▸ **DIRECTIONS**
In the material below, pictures must be dropped. Repeat exactly, and only, the lines from the line with "Antibiotika: Ihre Verantwortung" to the line with "連帯年金詳細な低周波治療器 AT-mini II", both ends included.

▸ **DATASET**
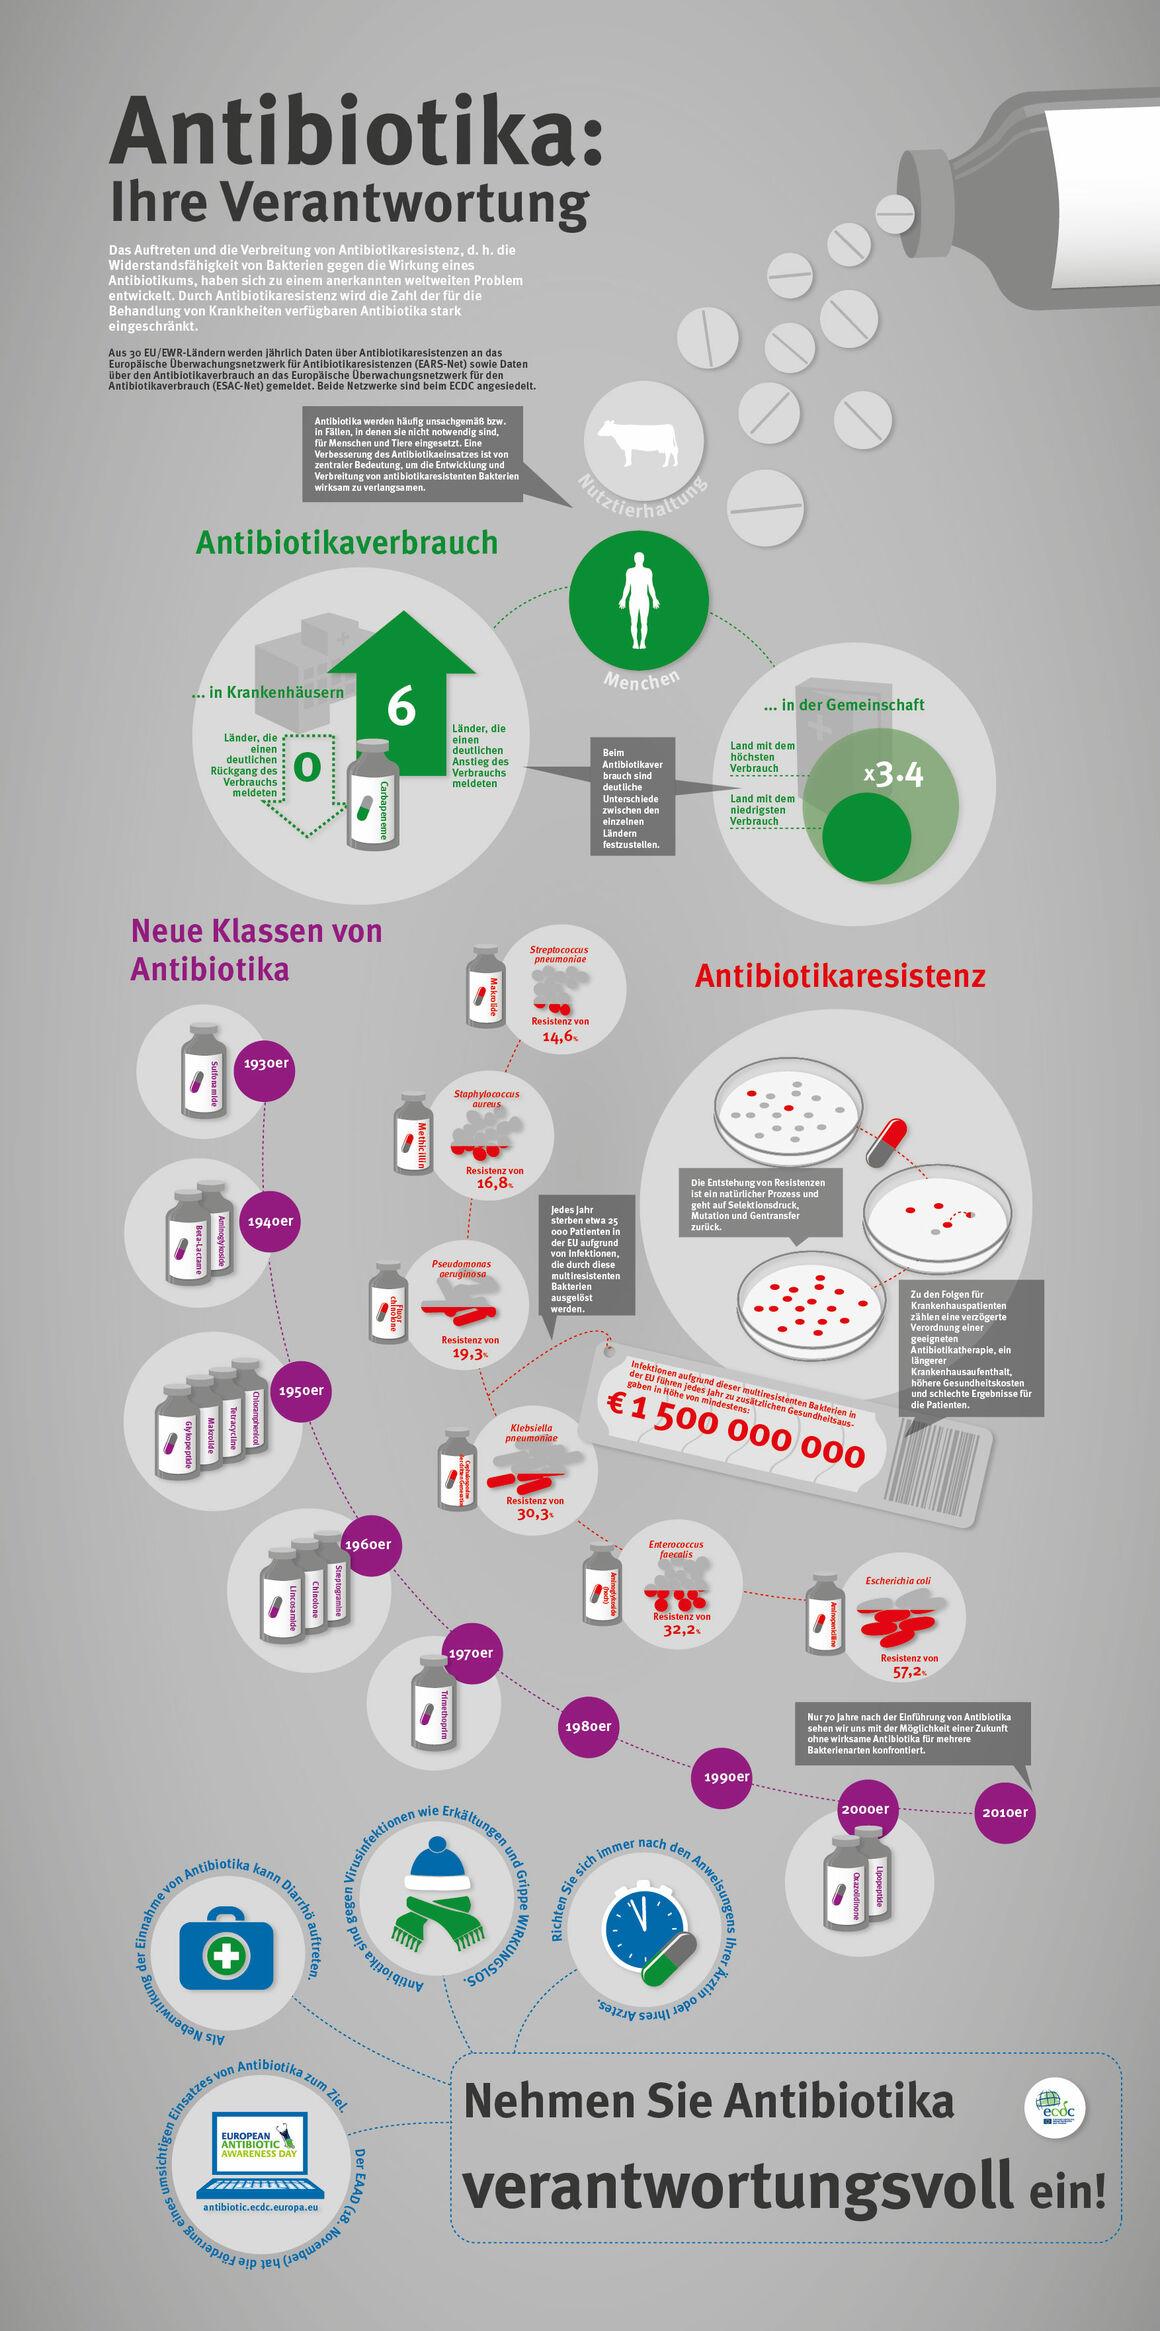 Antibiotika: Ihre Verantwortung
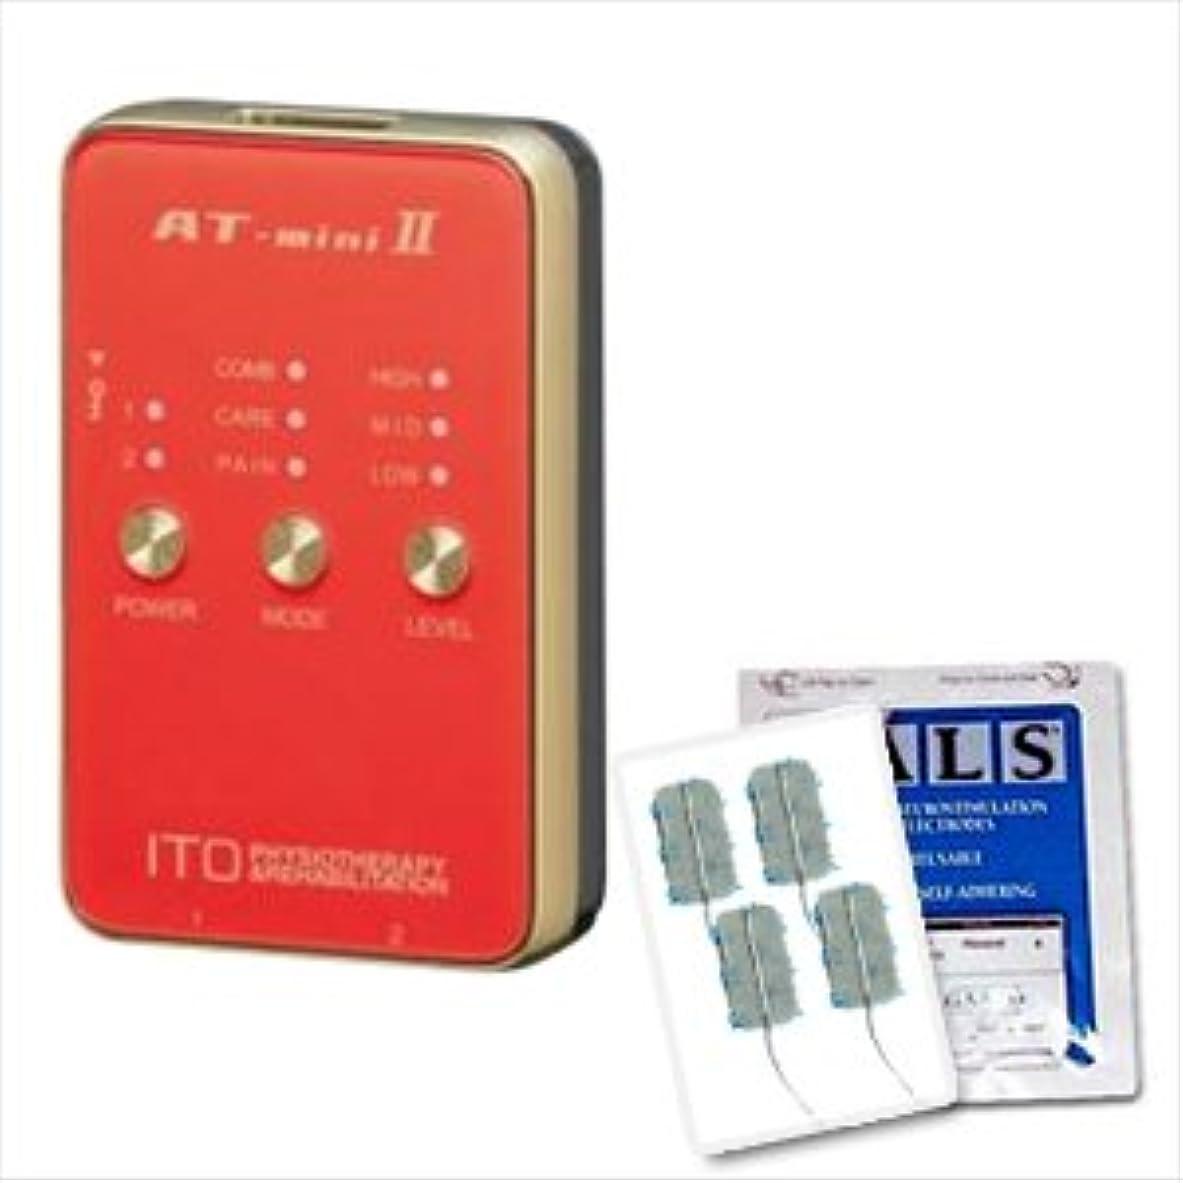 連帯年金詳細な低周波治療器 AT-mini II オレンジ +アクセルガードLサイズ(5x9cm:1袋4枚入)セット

---

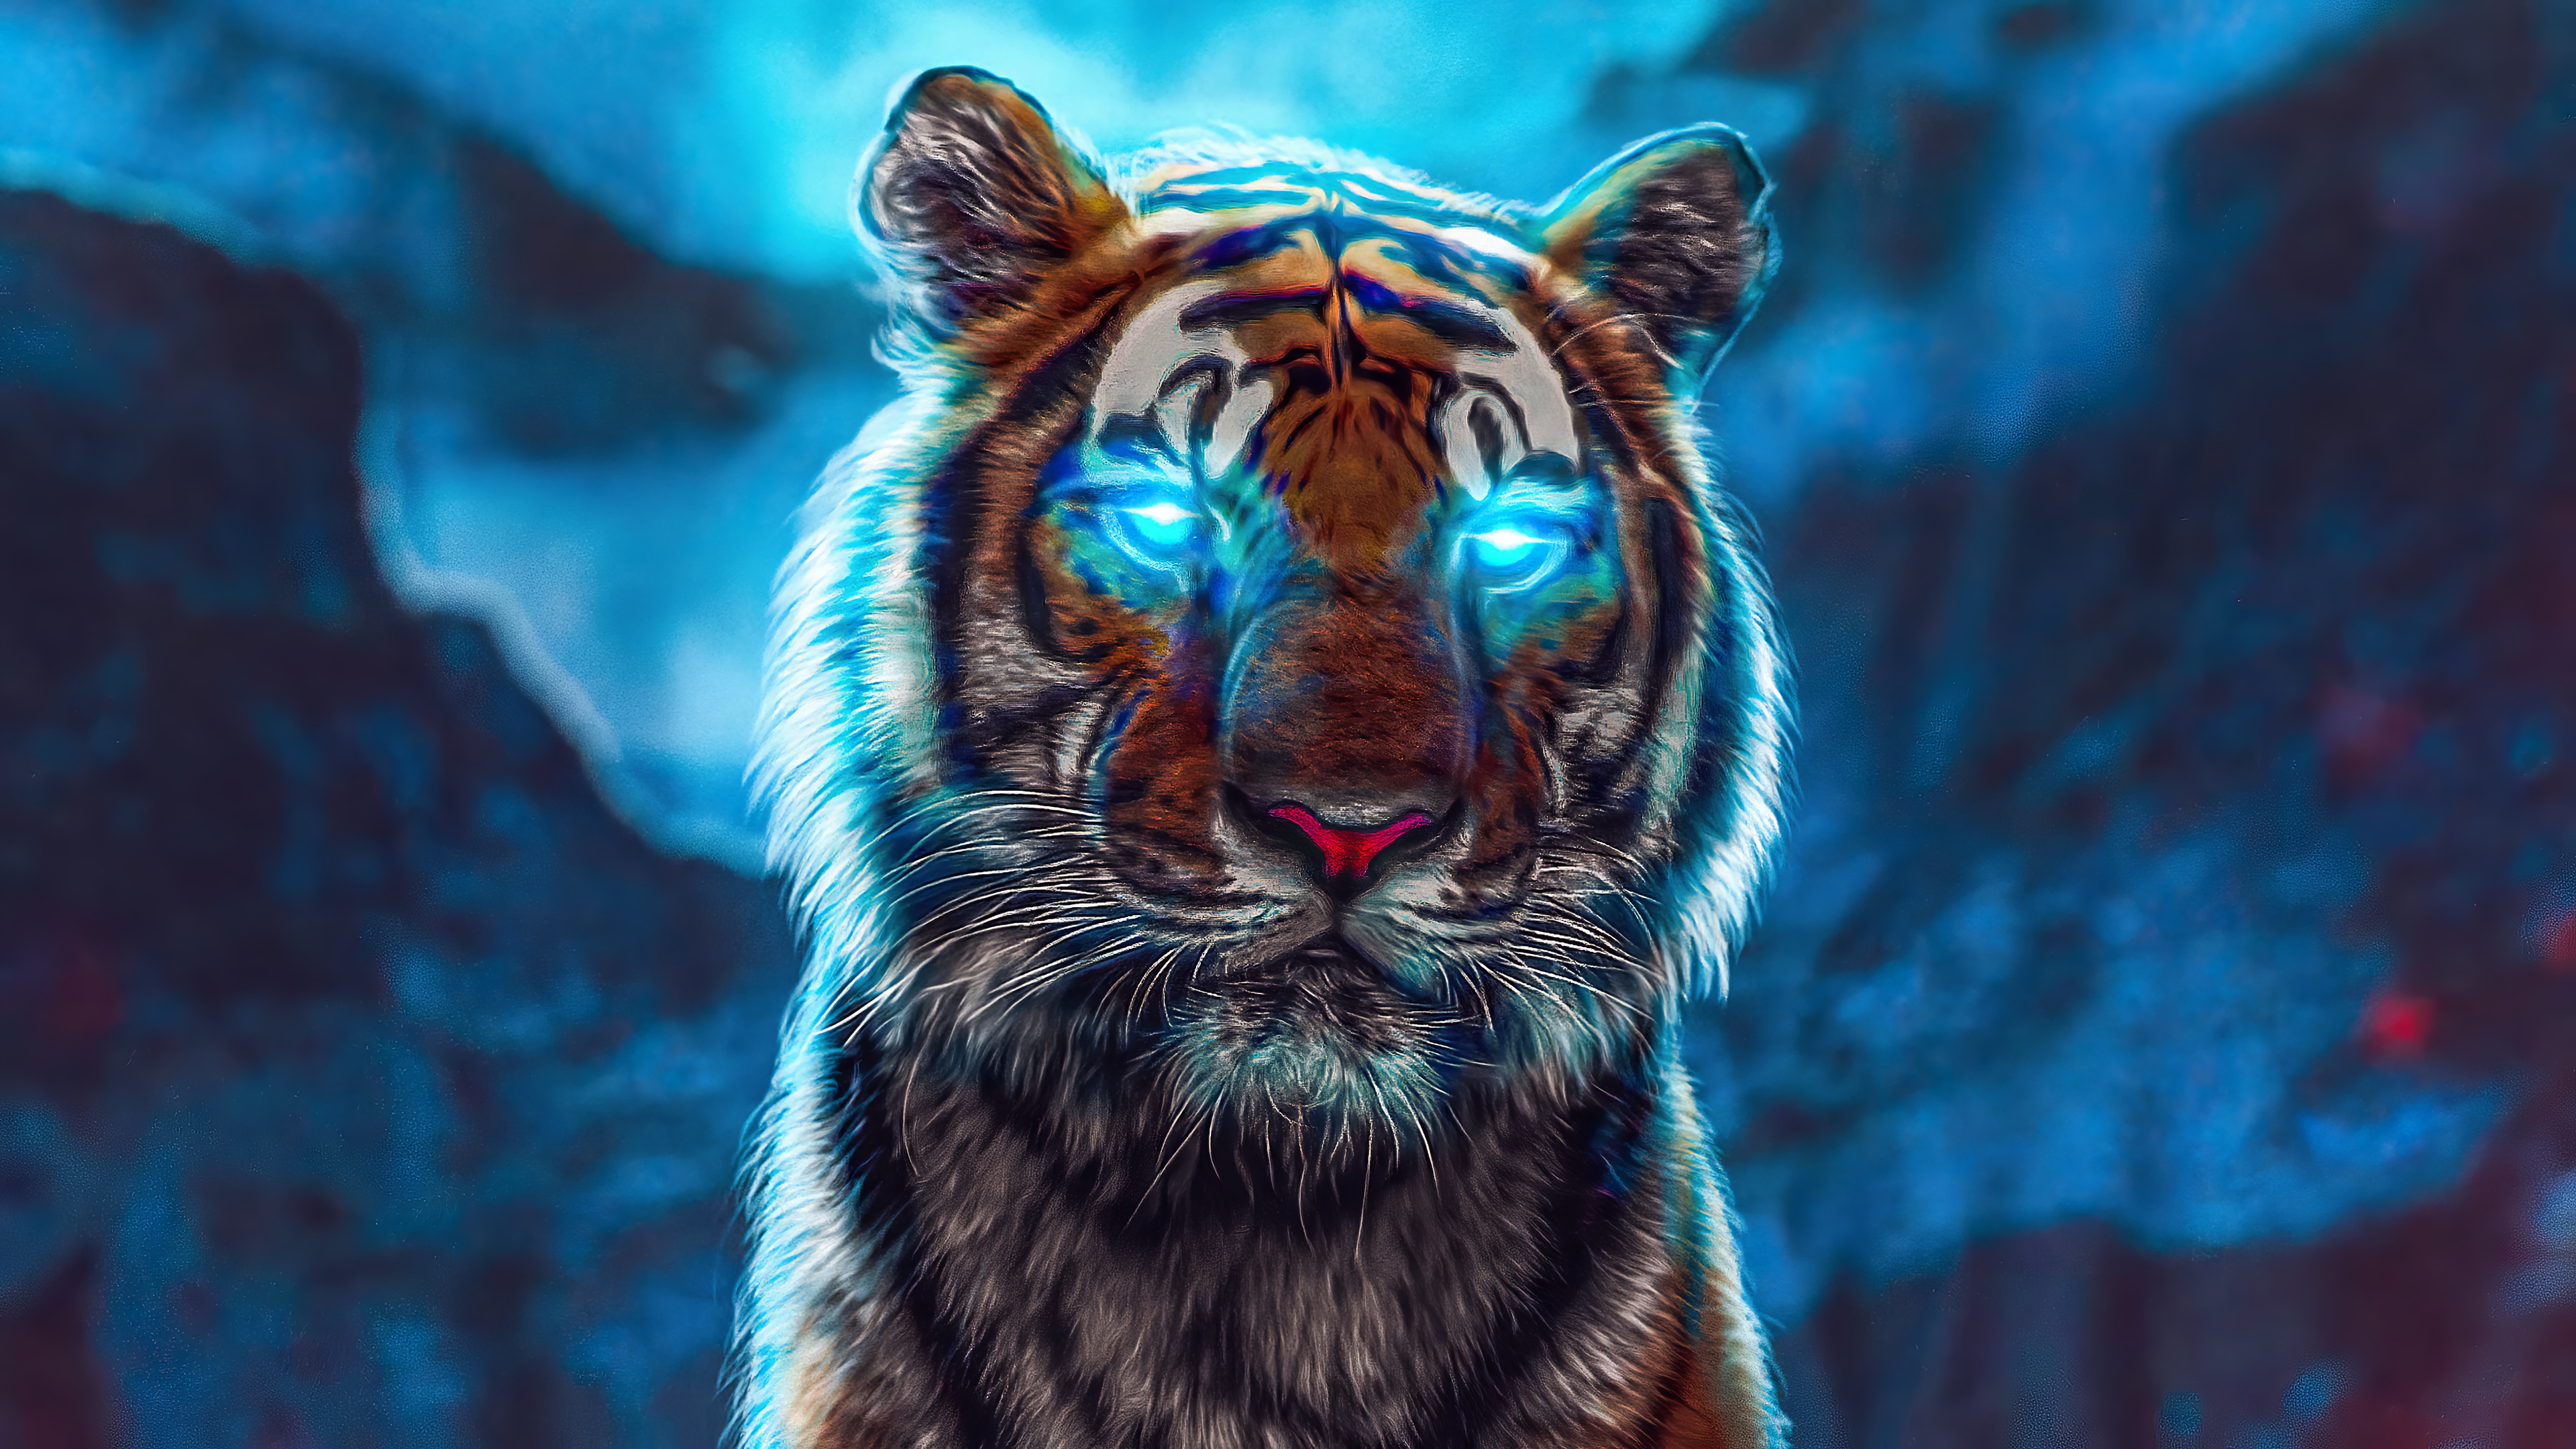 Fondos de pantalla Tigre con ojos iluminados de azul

...

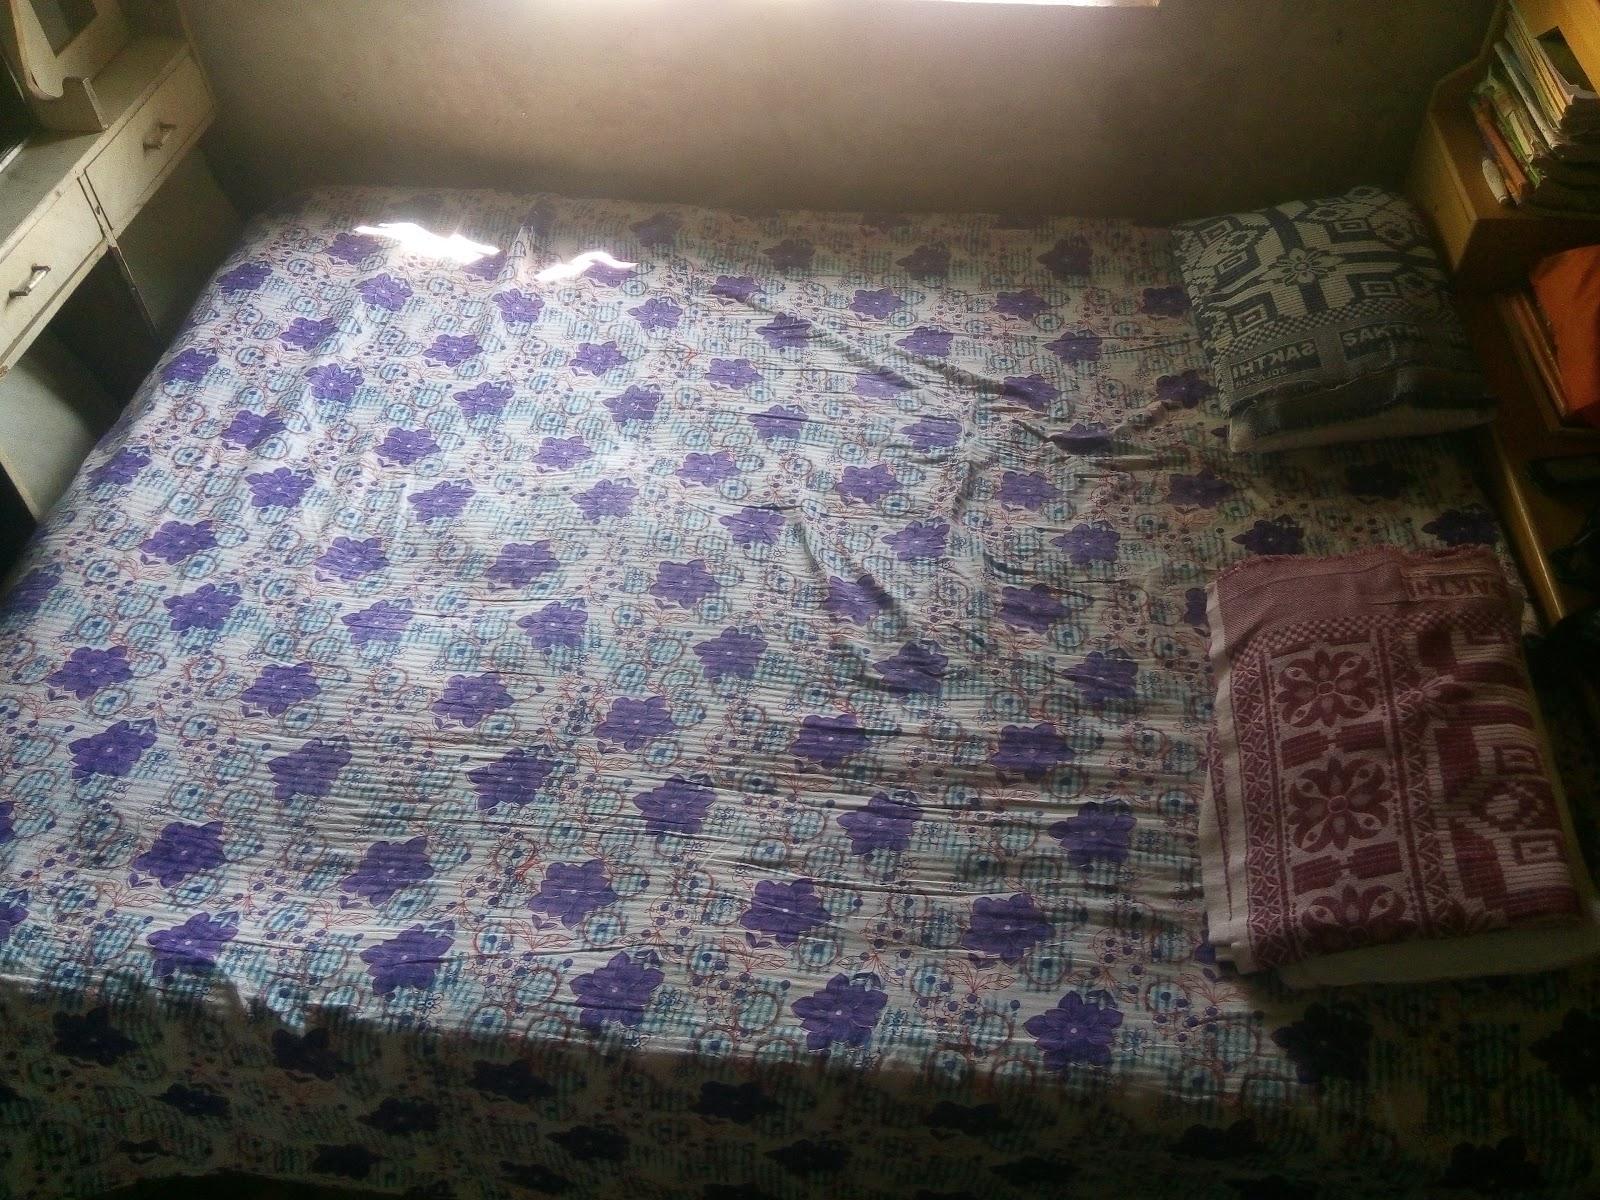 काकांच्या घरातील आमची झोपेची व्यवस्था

▸ **SOLUTION**
 Antibiotika: Ihre Verantwortung
 連帯年金詳細な低周波治療器 AT-mini II オレンジ +アクセルガードLサイズ(5x9cm:1袋4枚入)セット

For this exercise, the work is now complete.